Russell is pairing up with artist and roboticist Giles Walker to revive Eric as best as he can for 21st century audiences, and to immortalise it forever in the canon of robot history.

While debates around robots nowadays centre predominantly around how they'll steal our jobs or be our carers, back in the 1920s they were were associated mainly with performance and wonder. Eric, for instance, opened the Society of Royal Engineer's annual exhibition to great aplomb when its human counterpart pulled out at the last minute. To open the speech, Eric moved its arms and head around and gave a speech.

"It wasn't just robots as science and men in white lab coats, so much of the history is connected with the idea of showmanship and spectacle," explained Russell. "What was fascinating about Eric was that his creators took the idea of what a robot could be and turned it into a physical thing."

Eric's creators, retired journalist W H Richards and engineer A H Reffell, grew up in times when robots were still limited to the confines of the human imagination. They would have been familiar, for example, with Czech writer Karel Čapek's 1920s play Rossumovi Univerzální Roboti (Rossum's Universal Robots) that brought both the word and the idea of a "robot" into the UK's popular culture, as well as Fritz Lang's representation of robots in Maria, a lady bot that starred in the German film Metropolis.

By resurrecting Eric, Russell and Walker want to make people reevaluate the place of robots within our history and society at large.

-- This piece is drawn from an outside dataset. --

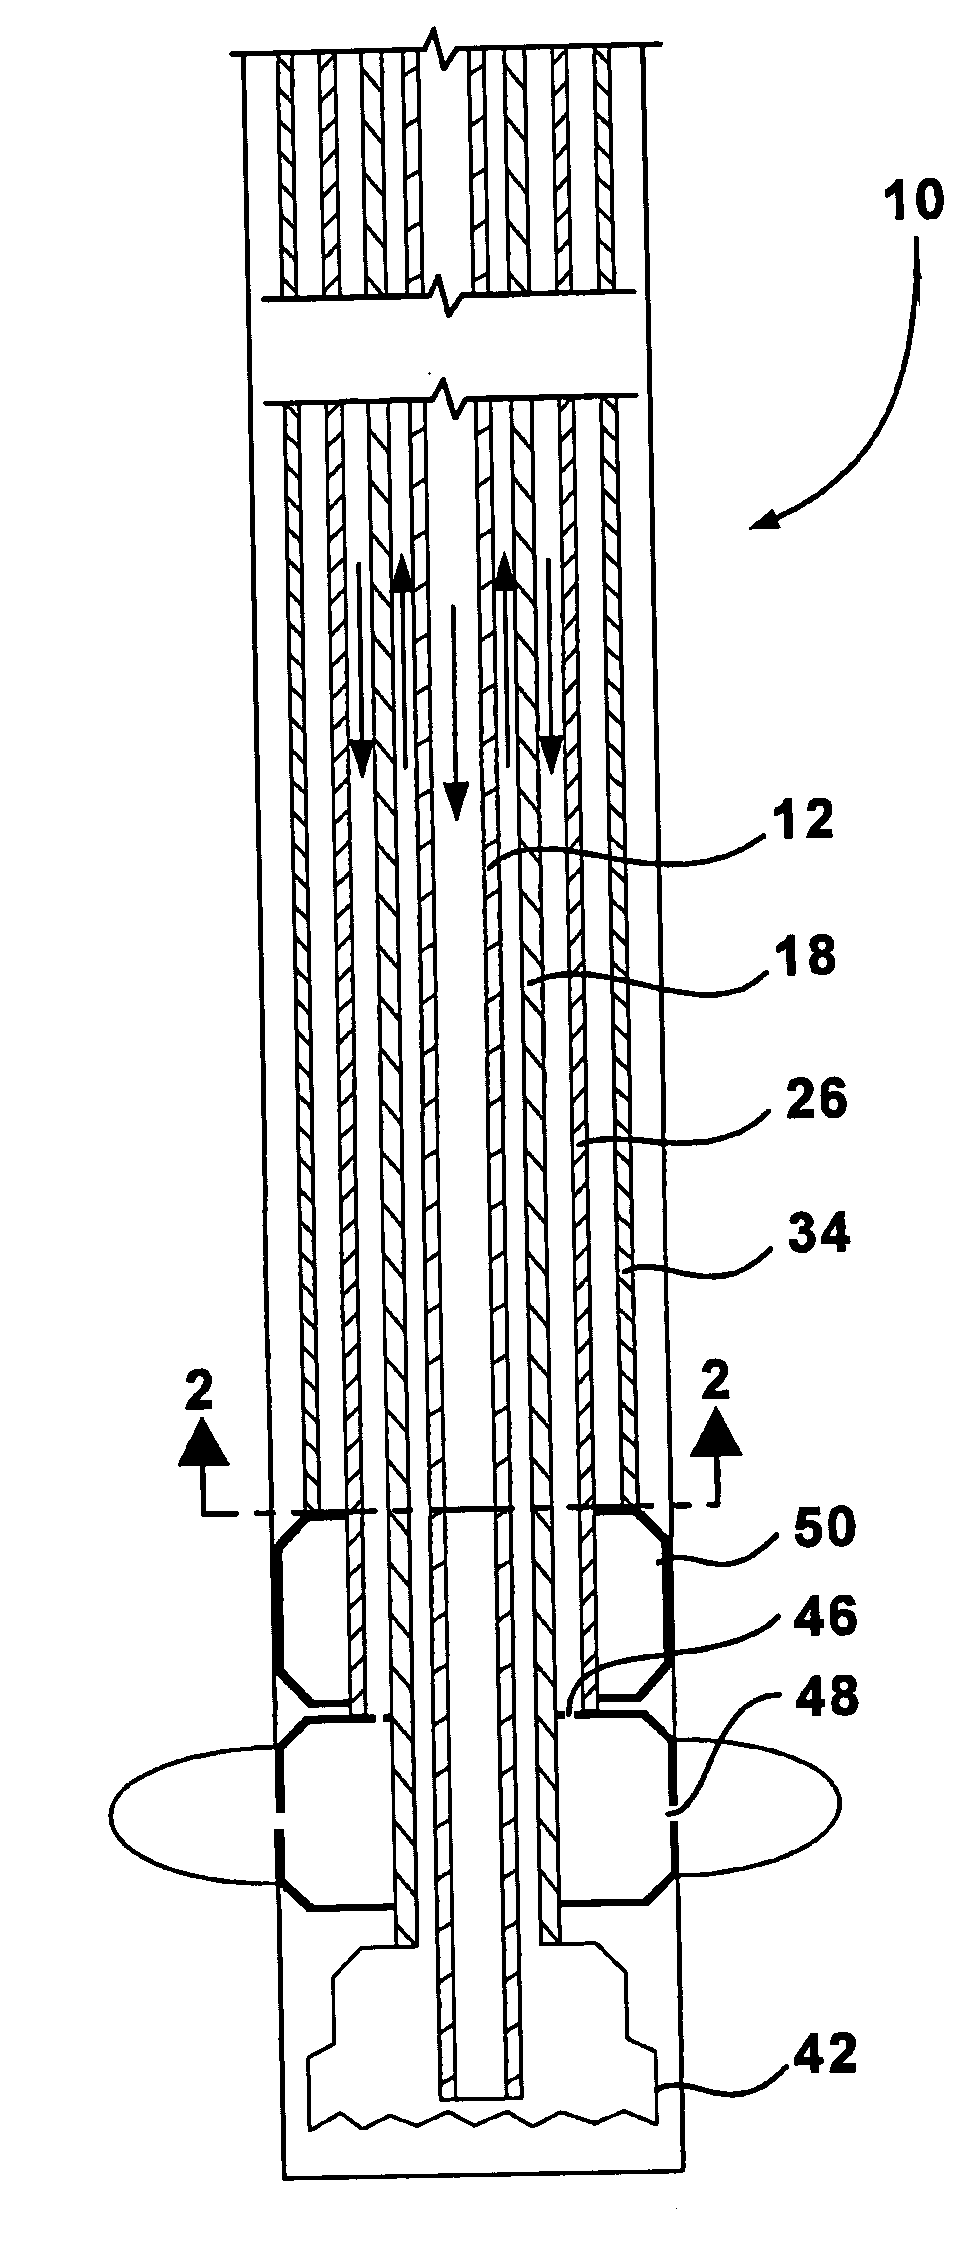 Method and apparatus for treating a productive zone while drilling

"Eric was relatively simple. He was really an automaton, but the interesting thing about robots is how much extra stuff you read into them," said Russell.

"Right now, we're so used to being surrounded by technology that we're infused to a point where it's invisible, but in the 1920s it was the most amazing piece of sci-fi suddenly brought to life and that's what caught people's imaginations," he added.